# New Capabilities using the TARS 
This folder contains all the source code related to *Section 4 - New Capabilities* of the paper An AI-powered Tool for Central Bank Business Liaisons: Quantitative Indicators and On-demand Insights from Firms. 

In the paper, we show how we can use the data from a Business Liaison TARS to create useful textual measures that (in the associated paper) are used in real economic analysis (see `nowcasting` folder for empirical exercise). Specifically, the code in this folder allows for the new capabilities:
* Taking a dictionary of words to build textual measures of topic exposure and tone.
* Using the output of a LM to build textual measures of topic exposure and tone.
* Taking a dictionary of uncertainty words to build a measure of uncertainty.
* Using the extracted numerical quantities to create aggregate series that can reflect economic measures (such as Australian CPI and WPI).  

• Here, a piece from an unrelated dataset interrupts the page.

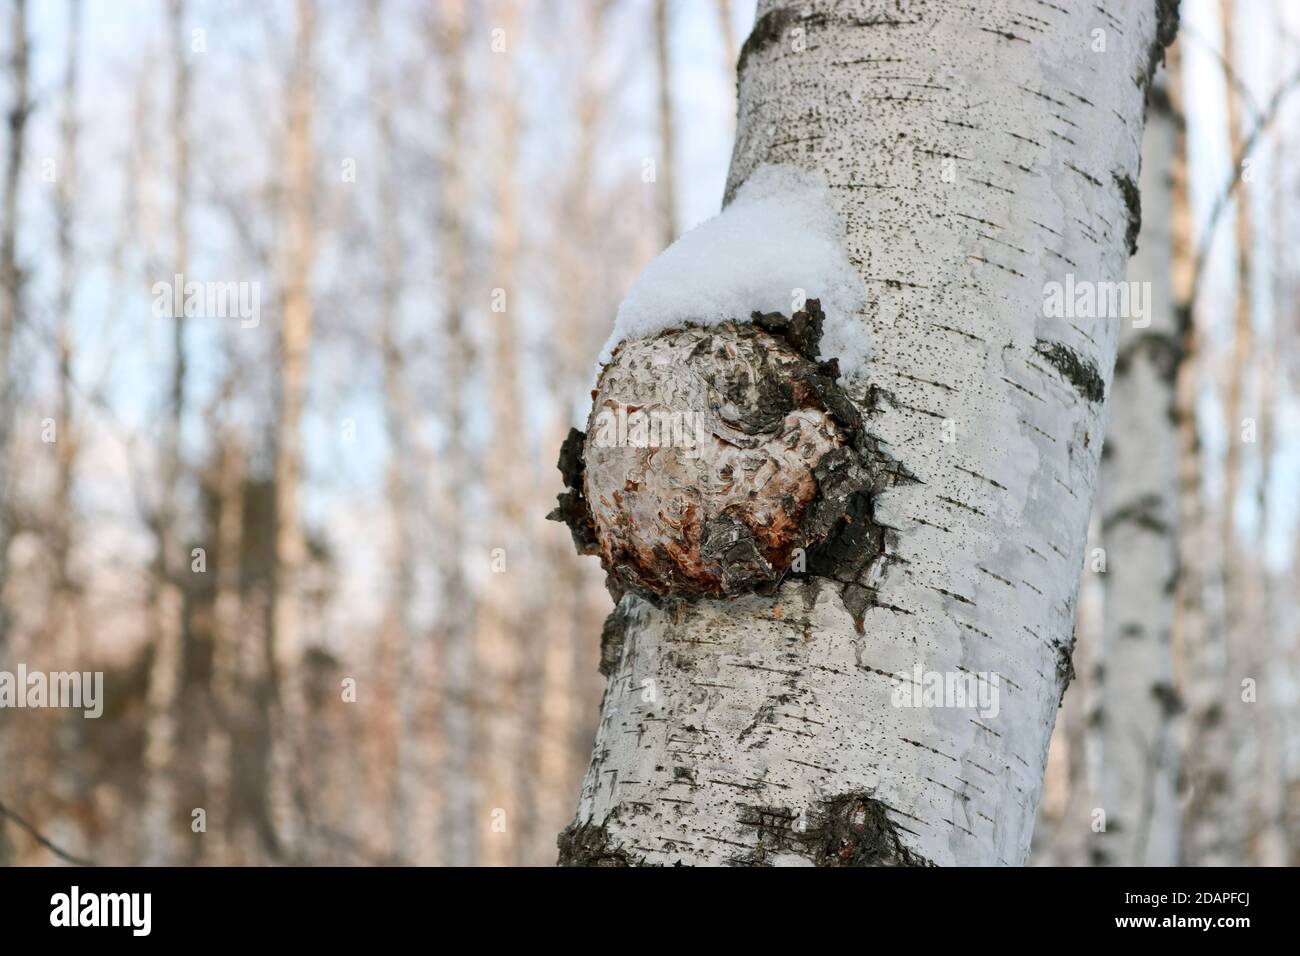 Chaga (Inonotus obliquus) is a fungus from the Hymenochaetaceae family. Potential medicine for coronavirus and cancer. It parasitizes birch trees. Stock Photo

> Note The demo data used in this repo has been generated by ChatGPT to broadly reflect the type of text extracted and enriched in Business Liaison TARS database described in the paper. However, given this data is artifical in nature, the output will not exactly reflect measures shown in the paper. Using this data to build textual indices and numerical extraction quantities will also not aggregate to reflect actual economic data as it is only intended to demonstrate how the process works in practice.

# Code Structure
```
Repo
├── Data
│   ├── rdp-2025-06-graph-data.xlsx (graph data to plot figures in paper)
│   ├── dictionary.xlsx (dictionaries for topic indices)
│   ├── LM_dictionary.xlsx (guide for LM-based topic indices)
│   ├── uncertainty_dict.xlsx (dictionary for uncertainty index)
│   └── liaison.sqlite (TARS containing liaison-like text data for code demo)
└── Capabilities
    ├── Capabilities.Rproj (R project file to ensure working in correct directory)
    ├── requirements.txt (contains package versions required for replication)
    ├── Dictionary_based_indices.R (topic exposure and tone using dictionary)
    ├── LM_based_indices.R (topic exposure and tone using LM)
    ├── Uncertainty_index.R (uncertainty using dictionary)
    ├── Numerical_extraction_indices.R (numerical quantity extraction using LMs)
│   ├── Plot_measures.R (script to plot figures from paper)
    └── data_gen_utils.R (contains utility functions for generating textual indices)
```

# Getting Started
### Quick Start
1. Open `Capabilities.Rproj` to ensure you are working in the correct directory for running each of the scripts. 
3. Open the R script for the relevant measure and run the code.
4. After running each script, the output files should appear in `../Data/`

### Requirements
For R and package versions of the original paper, see `requirements.txt`. Check your R package versions using `packageVersion("<package_name>")`. Also ensure the liaison database (`liaison.sqlite`) and the dictionary/guide for the measure you wish to create are in the `../Data/` directory. The program **RStudio** is needed to open and use the `.Rproj` file in each of the subfolders. In our work we used version 2024.04.0. For more information, see https://www.posit.co.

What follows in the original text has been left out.